Listed entries:
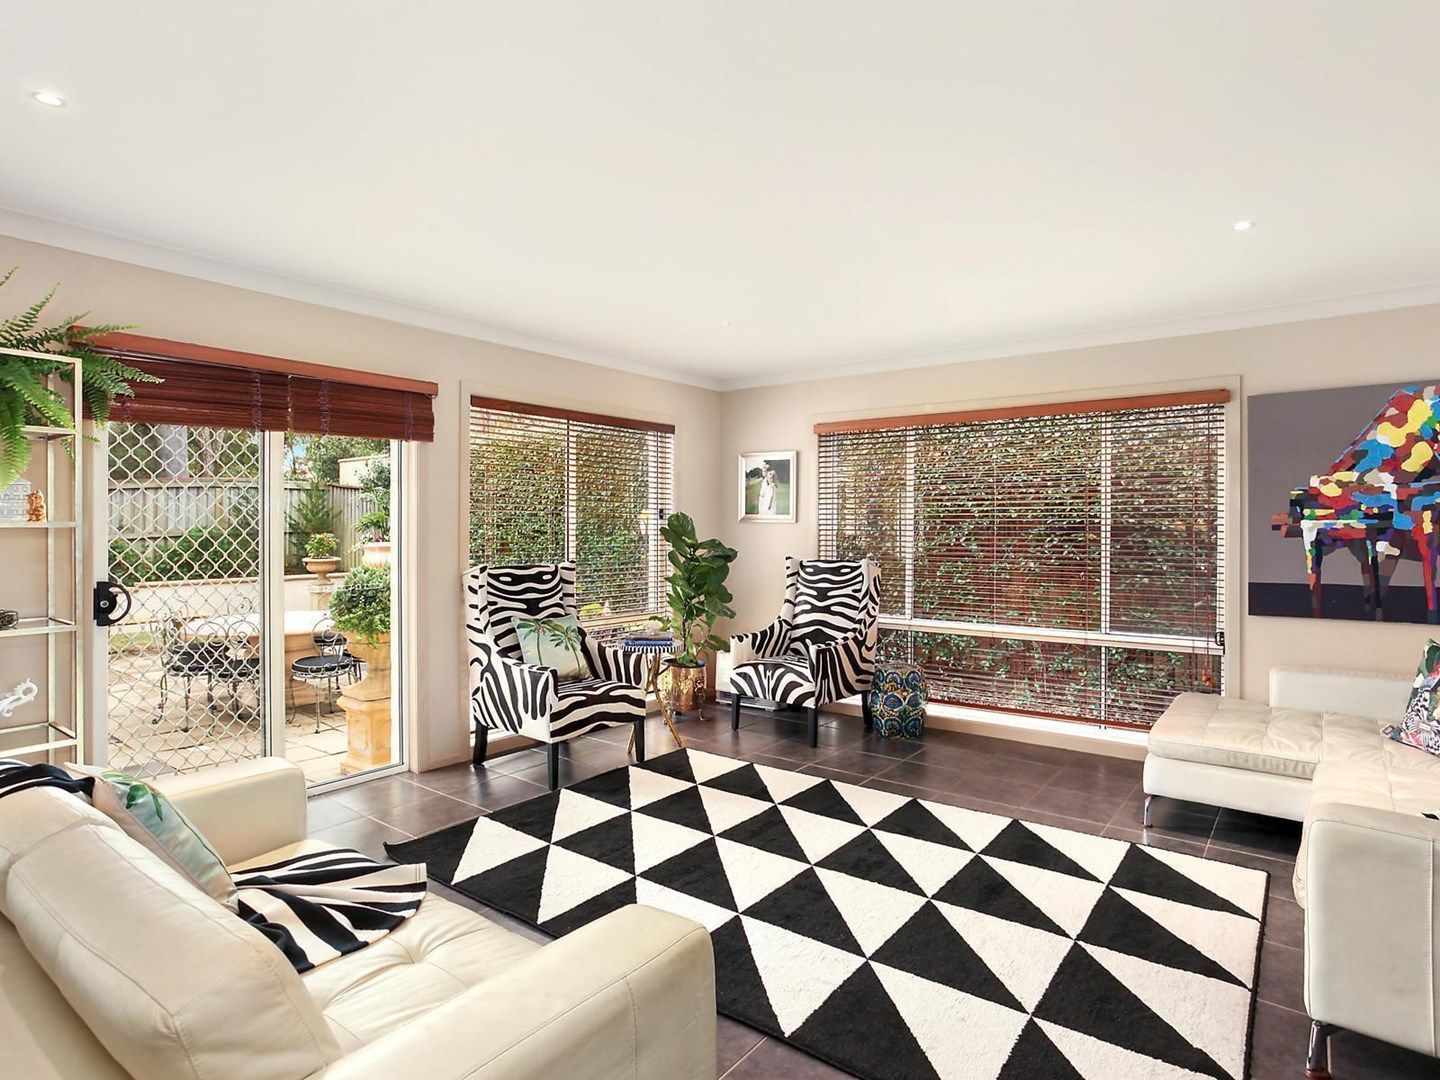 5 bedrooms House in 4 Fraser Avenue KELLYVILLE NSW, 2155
...
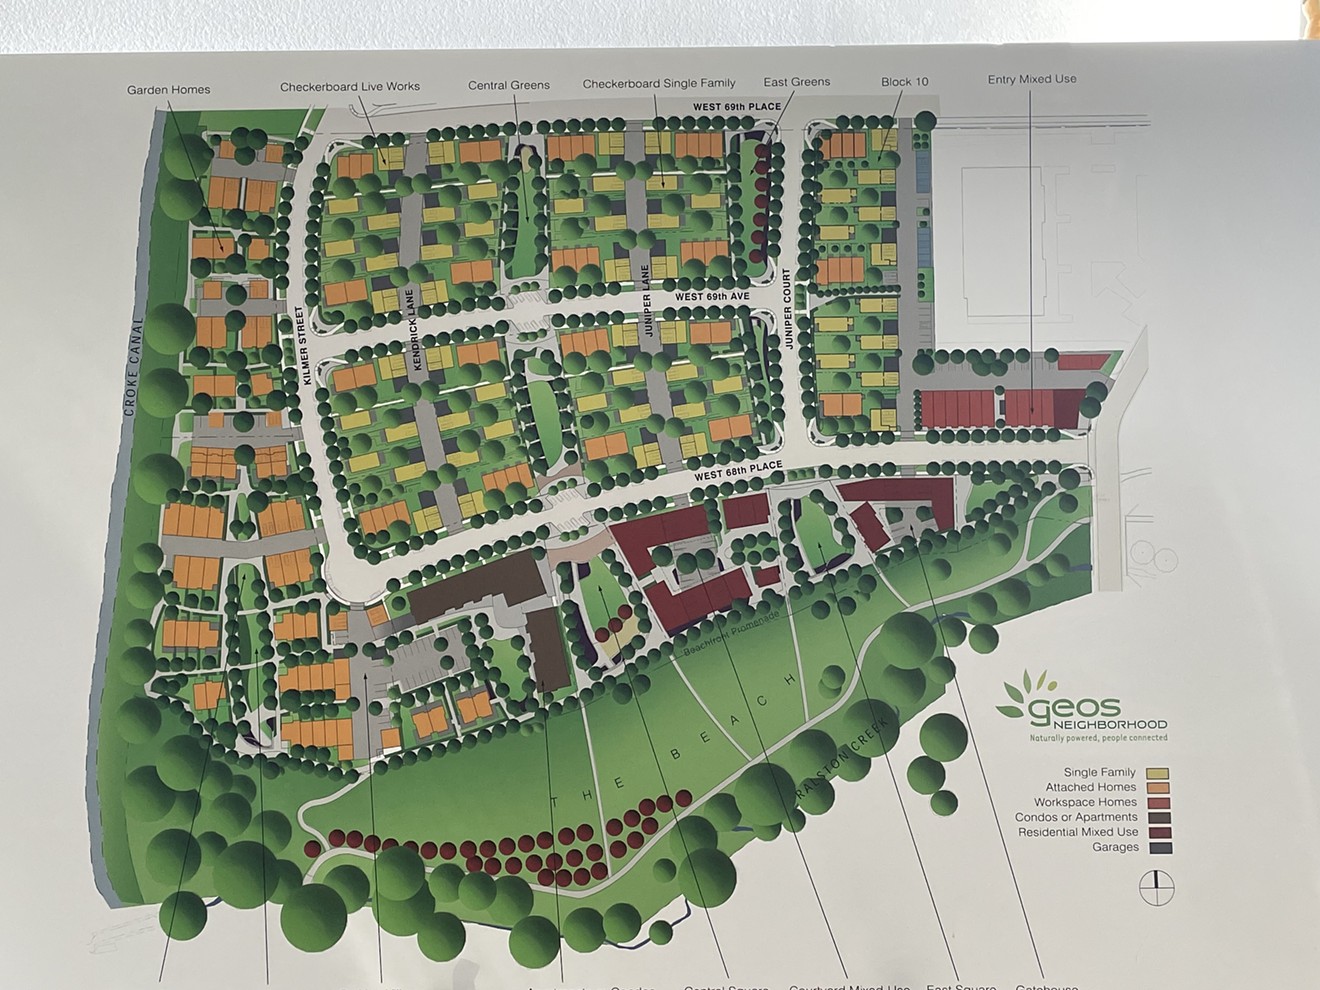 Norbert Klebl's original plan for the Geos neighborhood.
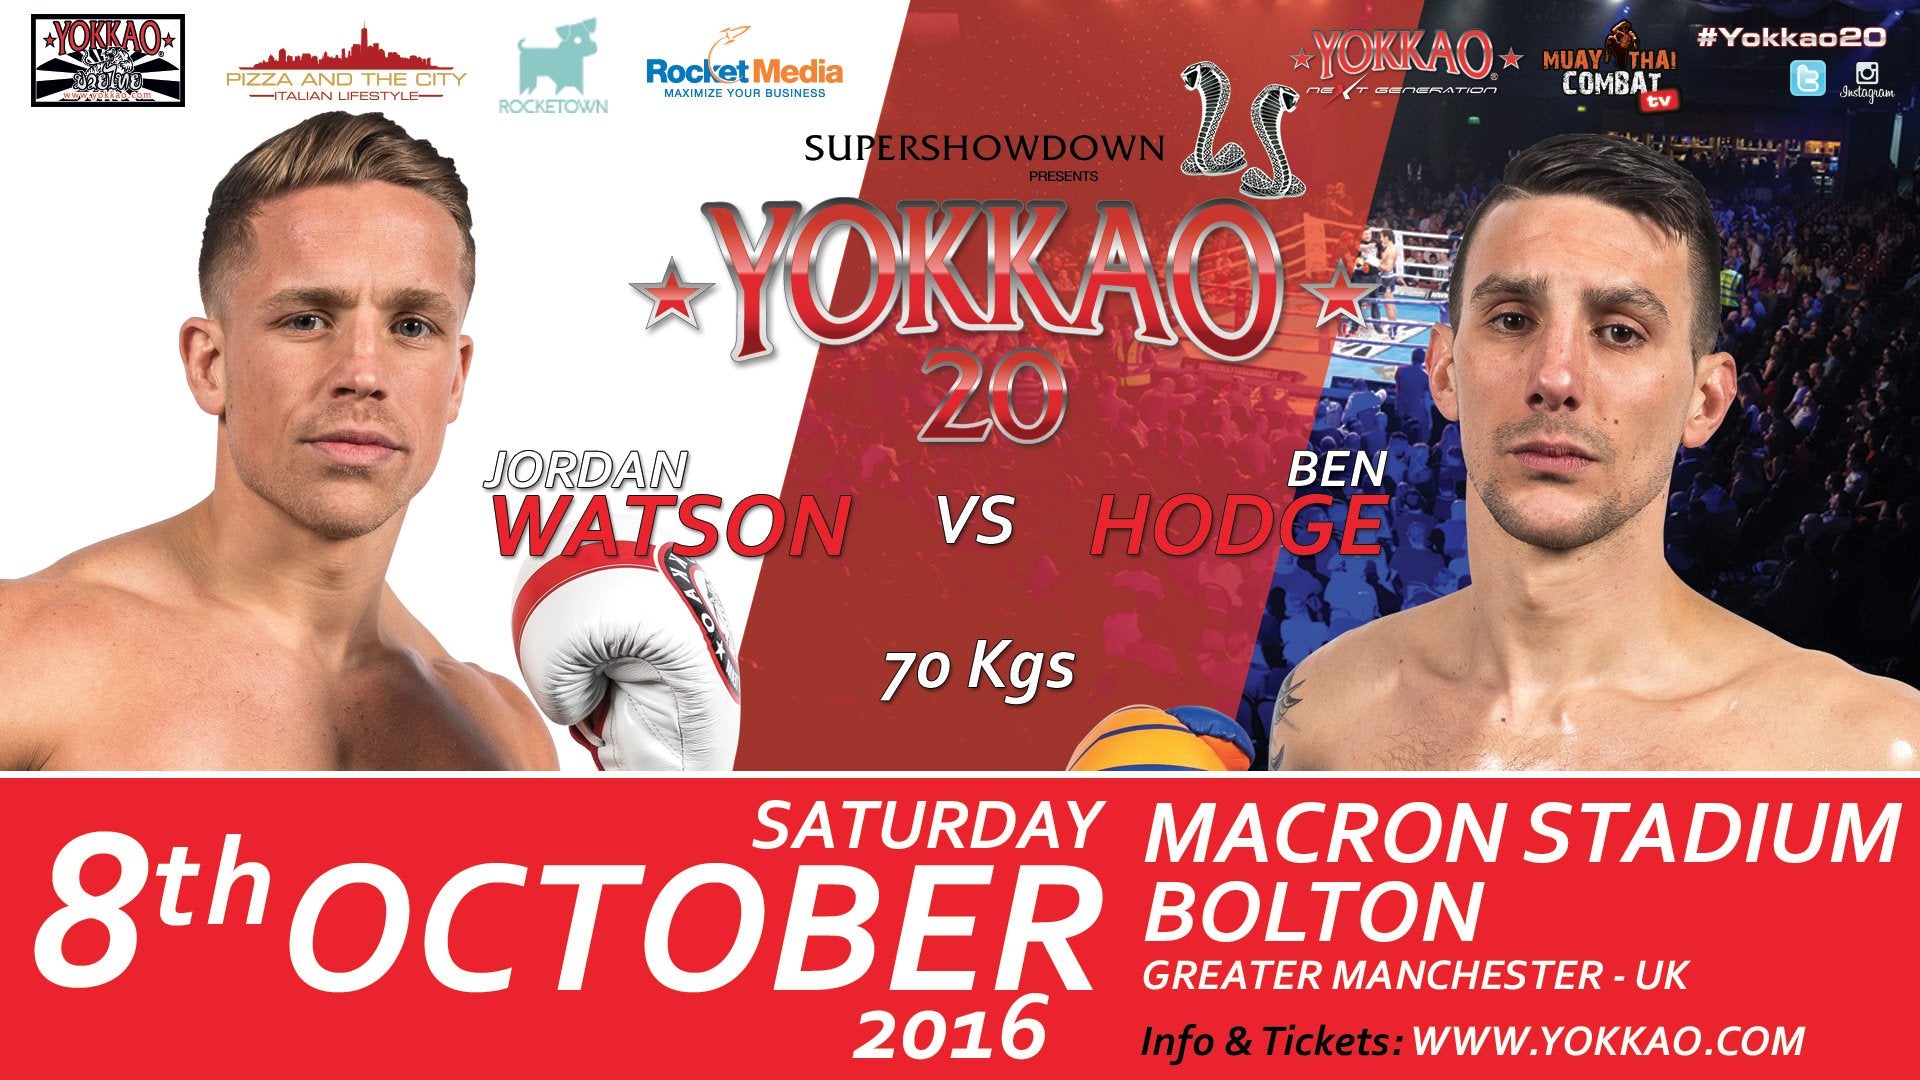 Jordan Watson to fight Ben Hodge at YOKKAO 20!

What is being asked: Return only the stretch above from the line containing "Norbert Klebl's original" through the line containing "Jordan Watson to", word for word and without pictures.

Result:
 Norbert Klebl's original plan for the Geos neighborhood.
 Jordan Watson to fight Ben Hodge at YOKKAO 20!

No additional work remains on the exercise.